Shell urges ‘prompt processing’ of Corrib pipeline application

Public has until September 25th to make submissions or objections

File photo: The dismantling of a section of the Corrib Gas Line, at Aughoose, Co Mayo, 2005. Photograph: Dara Mac Dónaill/The Irish Times

File photo: The dismantling of a section of the Corrib Gas Line, at Aughoose, Co Mayo, 2005. Photograph: Dara Mac Dónaill/The Irish Times

 

Shell E&P Ireland has urged the Department of Energy to ensure “prompt processing” of its application to operate the Corrib gas pipeline, as it says that “all of the elements of the Corrib gas field are in an advanced state of readiness”.

The company has submitted an application to the department for permission to operate the 91 kilometre-long high pressure pipeline in north Mayo under section 40 of the Gas Acts. Details of the application were not available on the department’s website on Wednesday.

Consent for the pipeline’s construction was granted by acting energy minister Pat Carey on the day of the last general election in 2011, after a route for the final section under Sruwaddaccon estuary was approved by An Bord Pleanála.

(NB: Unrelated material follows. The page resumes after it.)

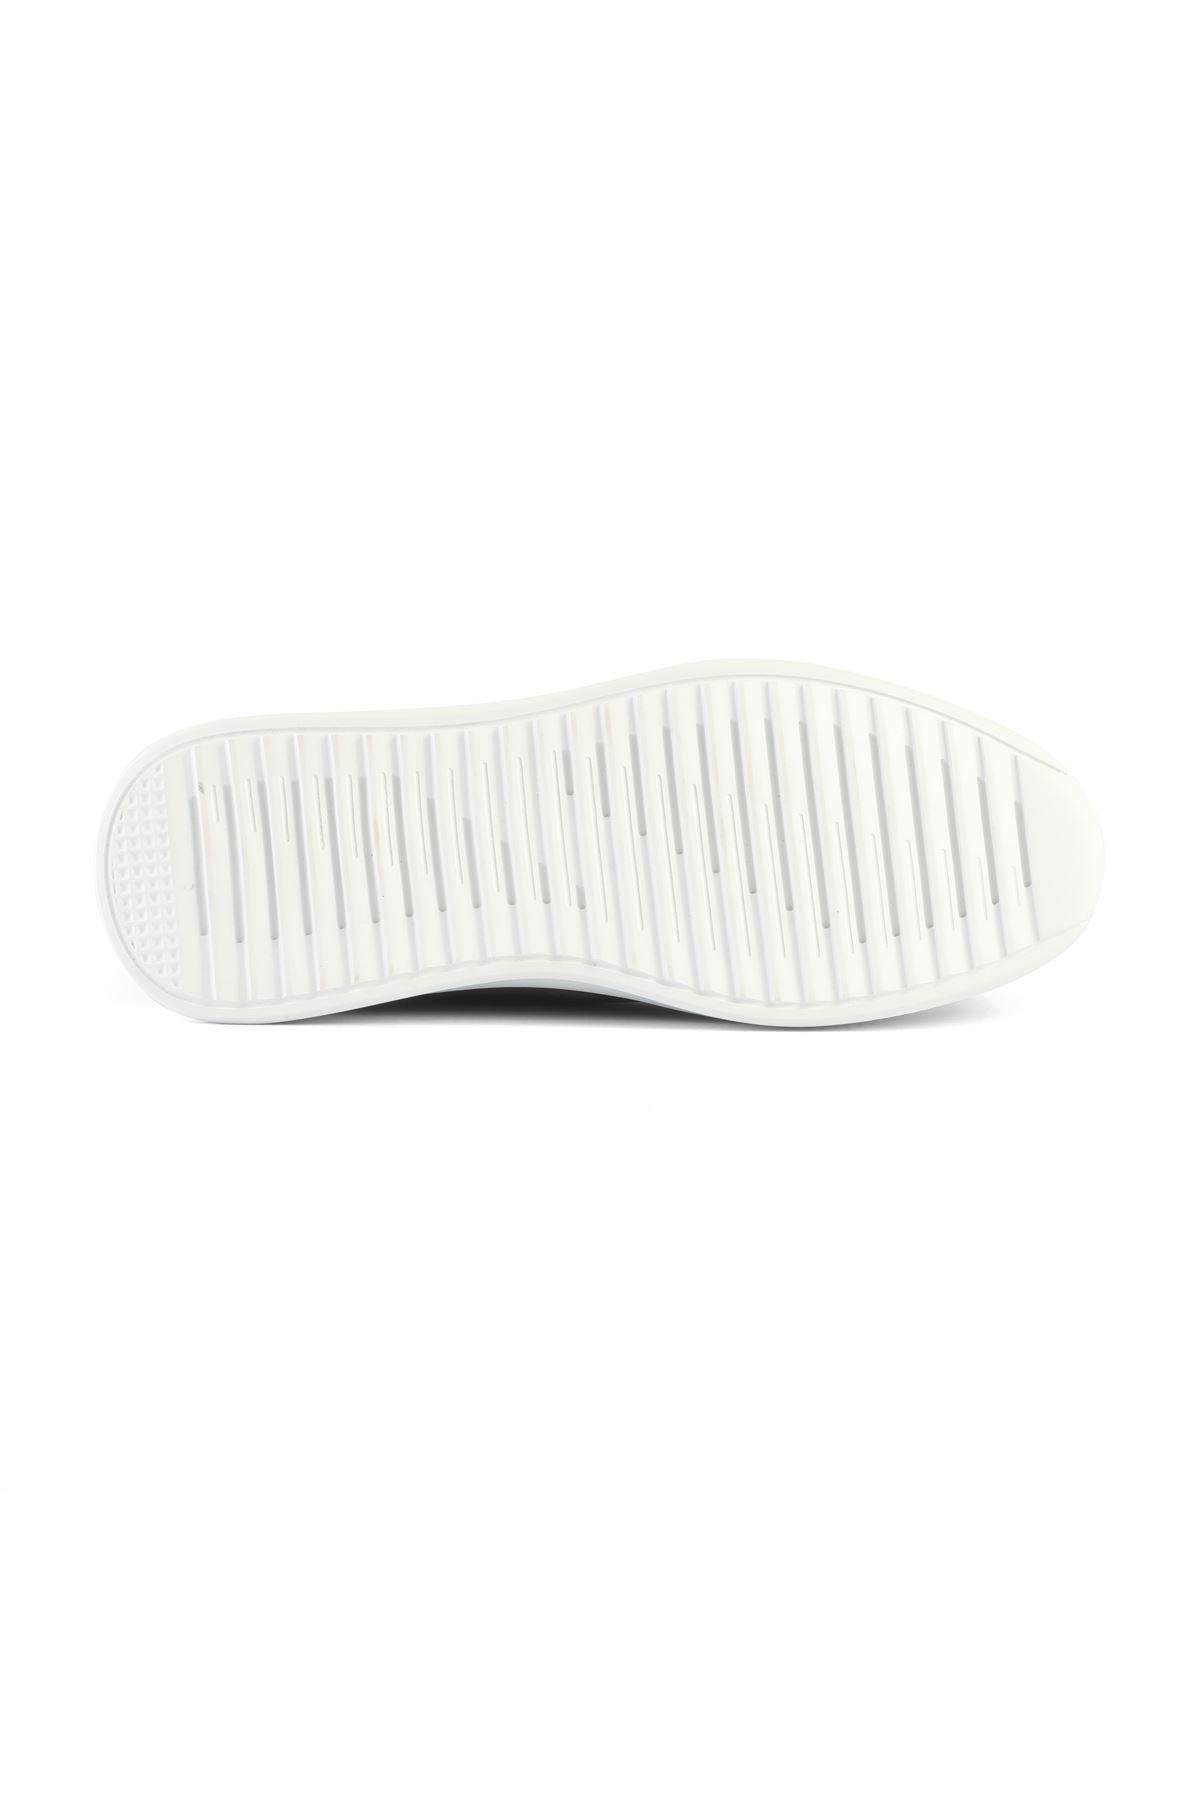 Libero L3438 Gray Casual Shoes

Legal actions brought by An Taisce and others over the manner in which consents were granted were settled and withdrawn at the High Court in October 2011.

An Taisce said in a statement afterwards the manner in which the project was consented to and constructed was “a travesty” of European environmental law and its action was about “breaking bad precedents”.

The latest application is one of the last consents required by the Corrib gas developers, and the public has until September 25th to make submissions or objections.

The developers are still awaiting a final determination by the Environmental Protection Agency (EPA) on a revised emissions licence for the project.

The EPA recommended a revised licence in April of this year in a preliminary decision which attracted eight objections - including one from Shell. The company was not happy with aspects of nine conditions.

The EPA turned down requests made by over 1,160 people for an oral hearing into the revised license application.

Shell had received its original EPA licence in 2007, but sought a review after it agreed to a demand by Erris fishermen that “treated produced water” from the refinery be discharged out at the well head, rather than some 12 km offshore.